Mais cette remarque n'épuise pas, loin de là, l'intérêt de ce livre original, qui ne laisse pas le lecteur indemne. On y trouvera évidemment quantité d'anecdotes sur les grands noms de l'âge d'or du rock, dont on découvre un visage souvent très éloigné de leur réputation. L'auteur a une écriture à la fois simple et sensible, pleine d'humour et de pénétration psychologique.

Lorsqu’elle interroge Mick Jagger, il lui confie « aimer se donner en spectacle », car « cela m'aide à me débarrasser de mon ego ». Jagger est particulièrement attachant, par sa sincérité et son empathie pour les Juifs qui ressort dans ses entretiens avec Lola Bensky.

On découvre d'ailleurs un point commun entre beaucoup de rock stars (et sans doute de musiciens en général) et de Juifs : leur sensibilité à fleur de peau. Le yiddish est aussi très présent dans le livre, à travers des expressions imagées et notamment dans cet entretien avec Mick Jagger (décidément le plus « Juif » des stars du rock!) :

« Lola savait que Mick Jagger avait reçu une éducation catholique, et pourtant on aurait dit un Juif quand il parlait comme ça. Cette énumération de ce qui n'allait pas était très juive... Demandez à un Juif comment ça va et vous obtiendrez une liste de lamentations. Il n'y a pas un seul manuel de conversation yiddish qui proposera « Parfaitement bien merci », ou « on ne peut mieux » en réponse à la question « Comment allez-vous ? »

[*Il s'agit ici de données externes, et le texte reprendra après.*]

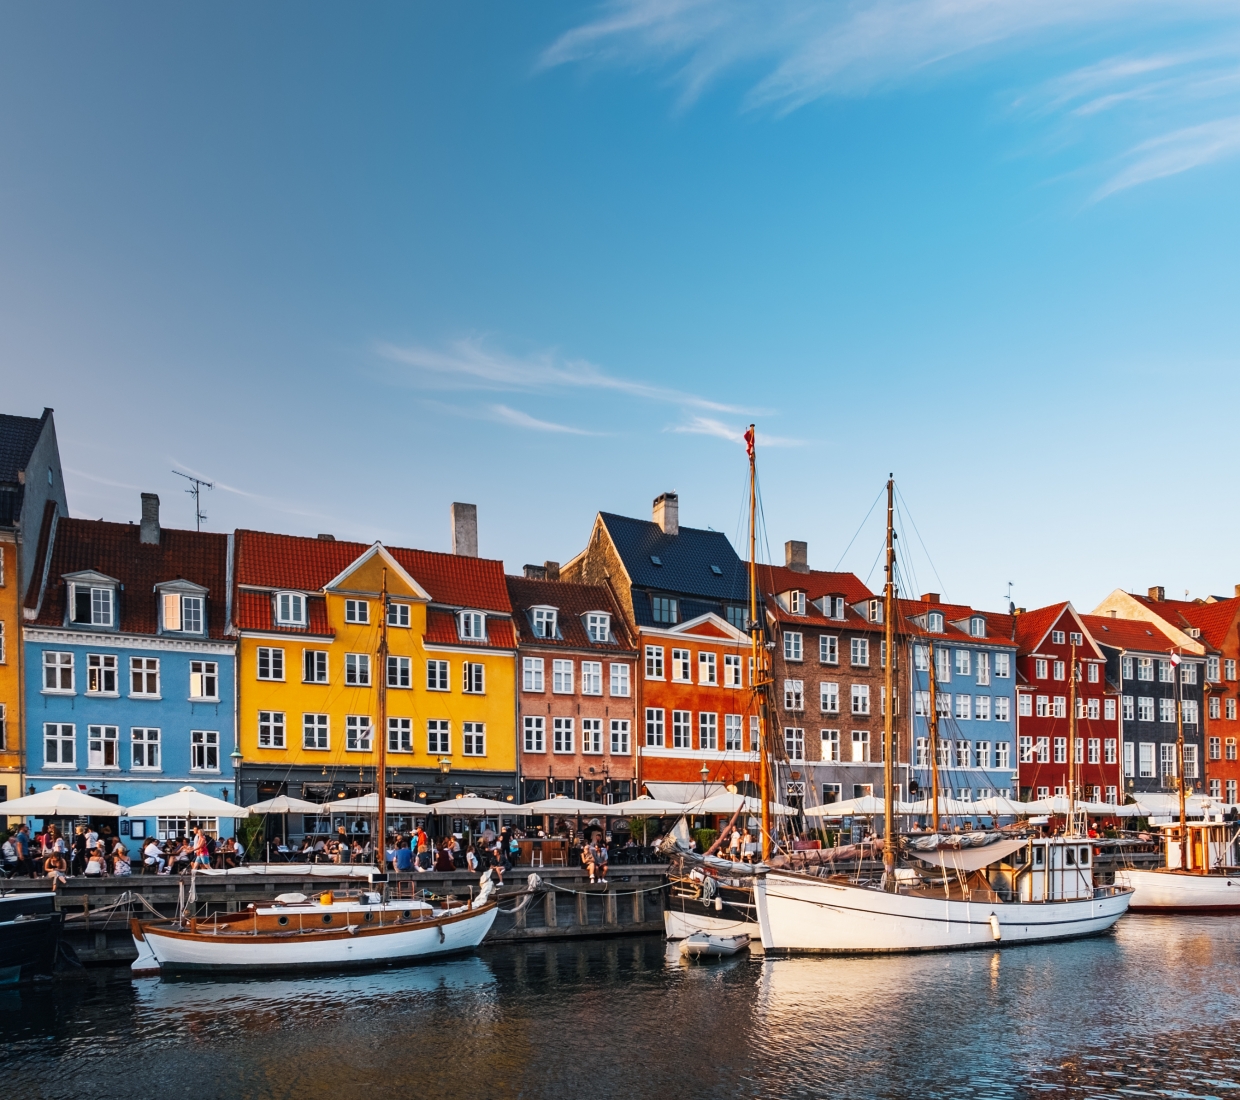 Seleção dos melhores e mais bonitos hotéis e casas de férias em Copenhague

Avec ce roman autobiographique, les éditions La Grande Ourse, créées il y a deux ans par deux jeunes femmes dynamiques, permettent au lectorat francophone de découvrir un auteur encore inconnu en France et publient une véritable trouvaille, conforme à leur ligne éditoriale, qui privilégie les thèmes de « la transmission, de la mémoire, de la quête, de l’identité, ainsi que les sujets touchant aux femmes ».

Ce très beau livre ne laissera, j'en suis convaincu, aucun lecteur indifférent et je souhaite qu'il touche un large public et connaisse un succès mérité, à la hauteur de son contenu et de son intérêt.

Pierre Itshak Lurçat

Lily Brett, Lola Bensky, Editions La Grande Ourse, 2014, 270 p, 20 euros.